Floats	Big endian > little endian, higher precision > lower precision, greater offset > lesser offset(bit position of the least significant bit), greater least significant padding > lesser least significant padding, greater most significant padding > lesser most significant padding, greater bit position of sign bit > lesser bit position of sign bit, greater position of least significant bit of exponent > lesser position of least significant bit of exponent, greater exponent size > lesser exponent size, greater exponent bias > less exponent bias, greater mantissa size > lesser mantissa size, most significant bit of mantissa is 1 always > most significant bit of mantissa is implied(normalization), padding set to background value > padding set to 1 > padding set to 0.
Times	Big endian > little endian, higher precision > lower precision, greater offset > lesser offset(bit position of the least significant bit), greater least significant padding > lesser least significant padding, greater most significant padding > lesser most significant padding.
Strings	Big endian > little endian, higher precision > lower precision, greater offset > lesser offset(bit position of the least significant bit), greater least significant padding > lesser least significant padding, greater most significant padding > lesser most significant padding, padding with space for extra bytes > padding with nulls > null-terminated.
Bit fields	Big endian > little endian, higher precision > lower precision, greater offset > lesser offset(bit position of the least significant bit), greater least significant padding > lesser least significant padding, greater most significant padding > lesser most significant padding.
Compounds	More members > less members, greater member name > lesser member name(similar to string comparison), greater member offset > lesser member offset, greater member size > lesser member size.
References	Big endian > little endian, higher precision > lower precision, greater offset > lesser offset(bit position of the least significant bit), greater least significant padding > lesser least significant padding, greater most significant padding > lesser most significant padding, internal reference > dataset region reference > object reference, data located on disk > data located in memory(for object reference),
Enumerates	Greater parent > lesser parent, more members > less members, greater member name > lesser member name.
Variable-lengths	String > sequence, data located on disk > data located in memory, greater file object address > lesser file object address(if they are in different files).
Opaques	H5T_ARRAY > H5T_VLEN > H5T_ENUM > H5T_REFERENCE > H5T_COMPOUND > H5T_OPAQUE > H5T_BITFIELD > H5T_STRING > H5T_TIME > H5T_FLOAT > H5T_INTEGER, greater tag > lesser tag(similar to string comparison).
Arrays	More dimensions > less dimensions, bigger dimensions > smaller dimensions, greater parent > lesser parent.

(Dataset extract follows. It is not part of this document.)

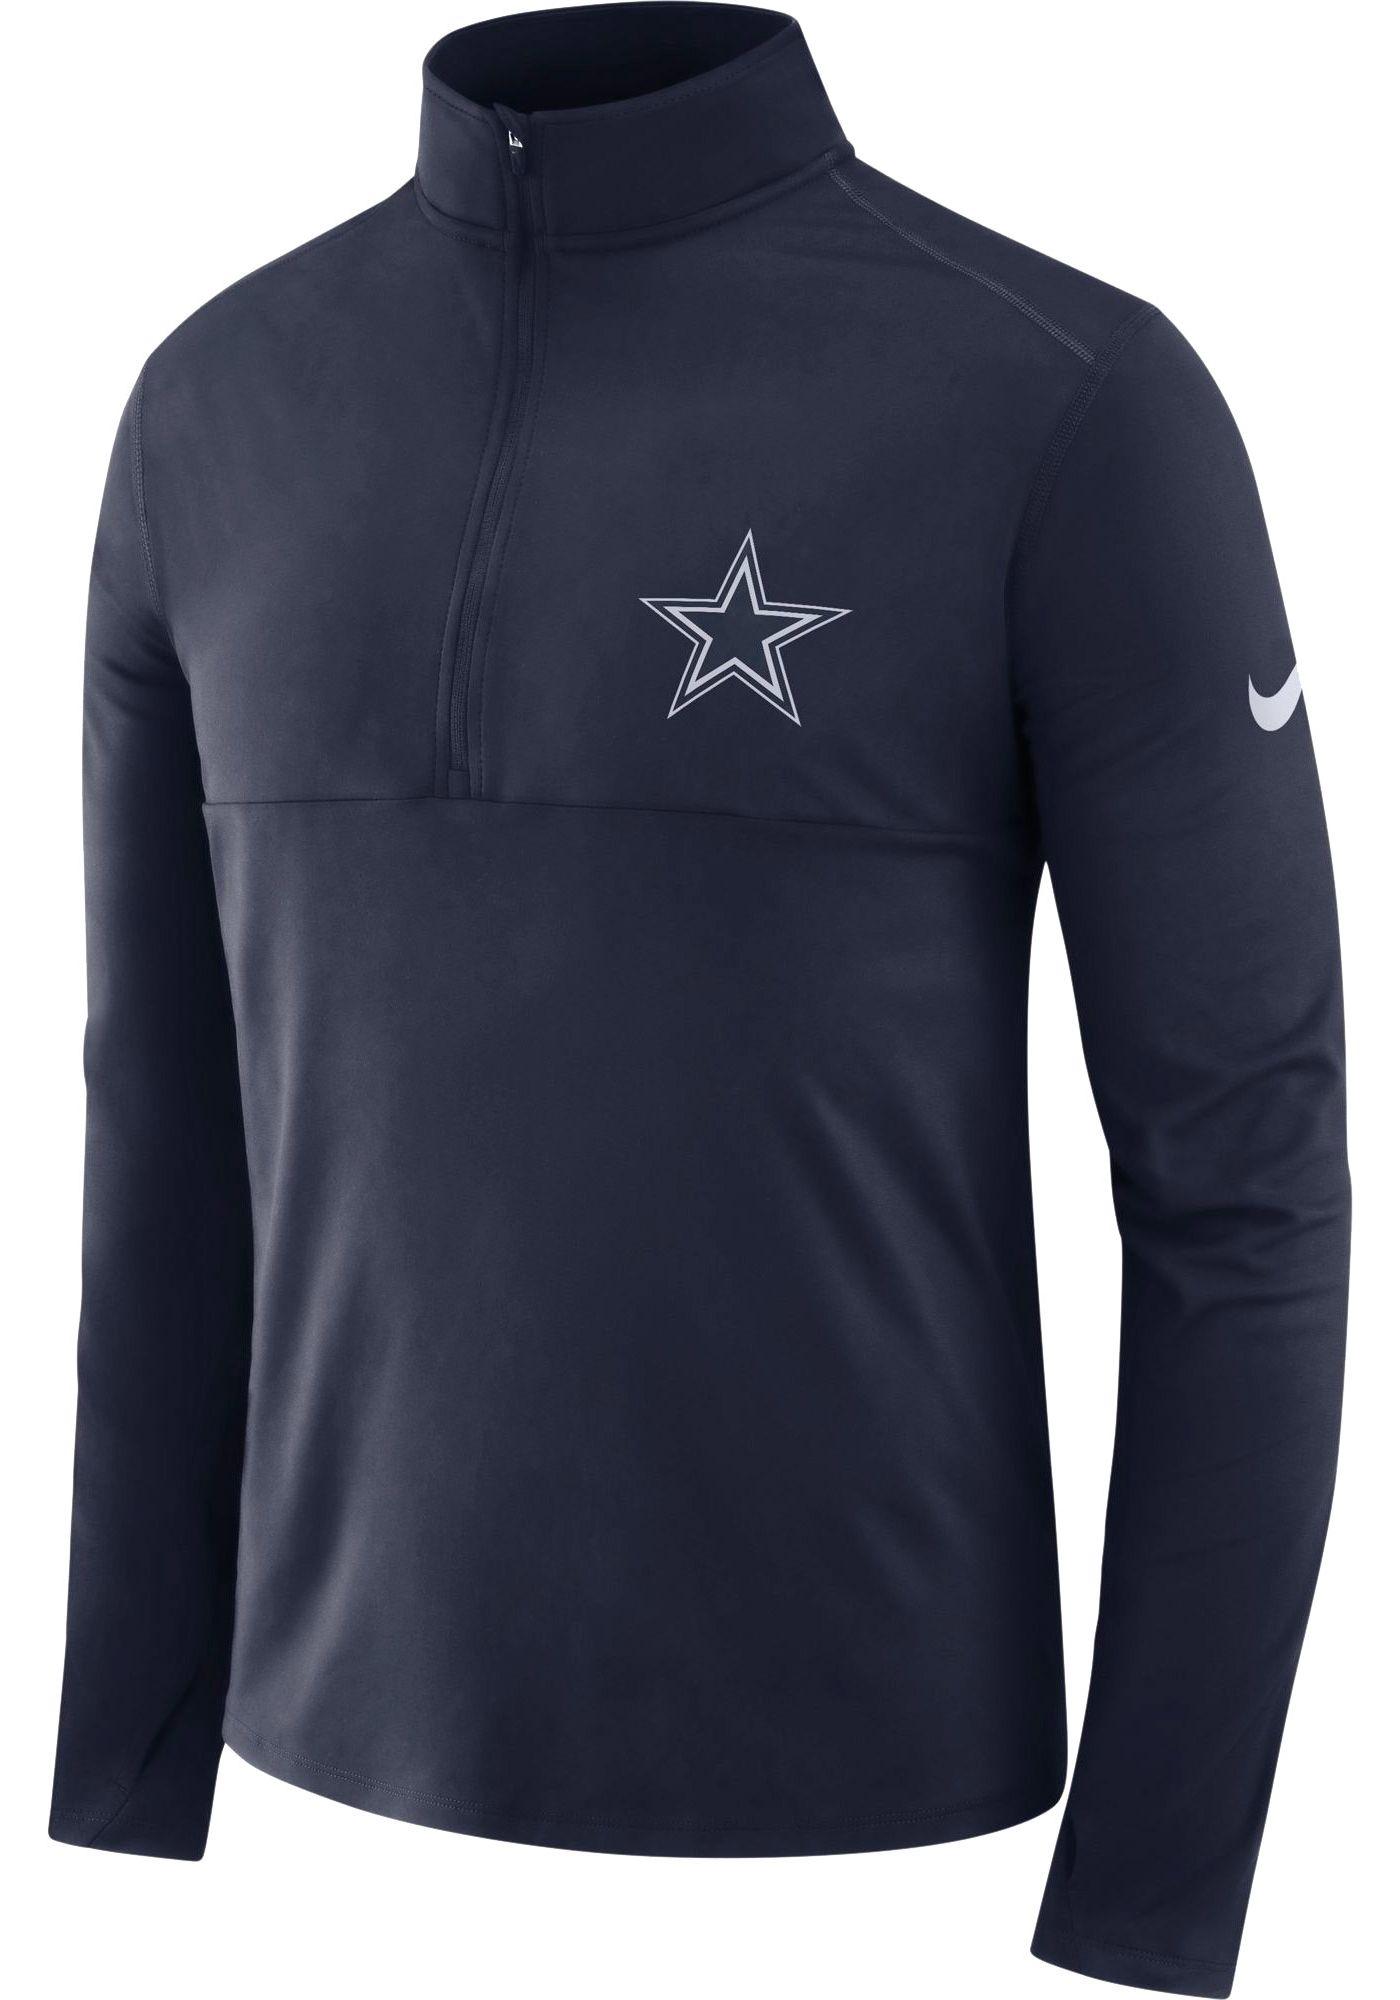 Nike Men's Dallas Cowboys Core Performance Navy Half-Zip Pullover Top

This function provides the convenience of sorting data types although some of the comparisons are arbitrary.

Parameters:

hid_t dtype1

IN: ID of the first datatype to be compared.

hid_t dtype2

IN: ID of the second data type to be compared.

Returns:

Returns positive value if first data type is greater; negative value if second data type is greater; 0(zero) if they are equal.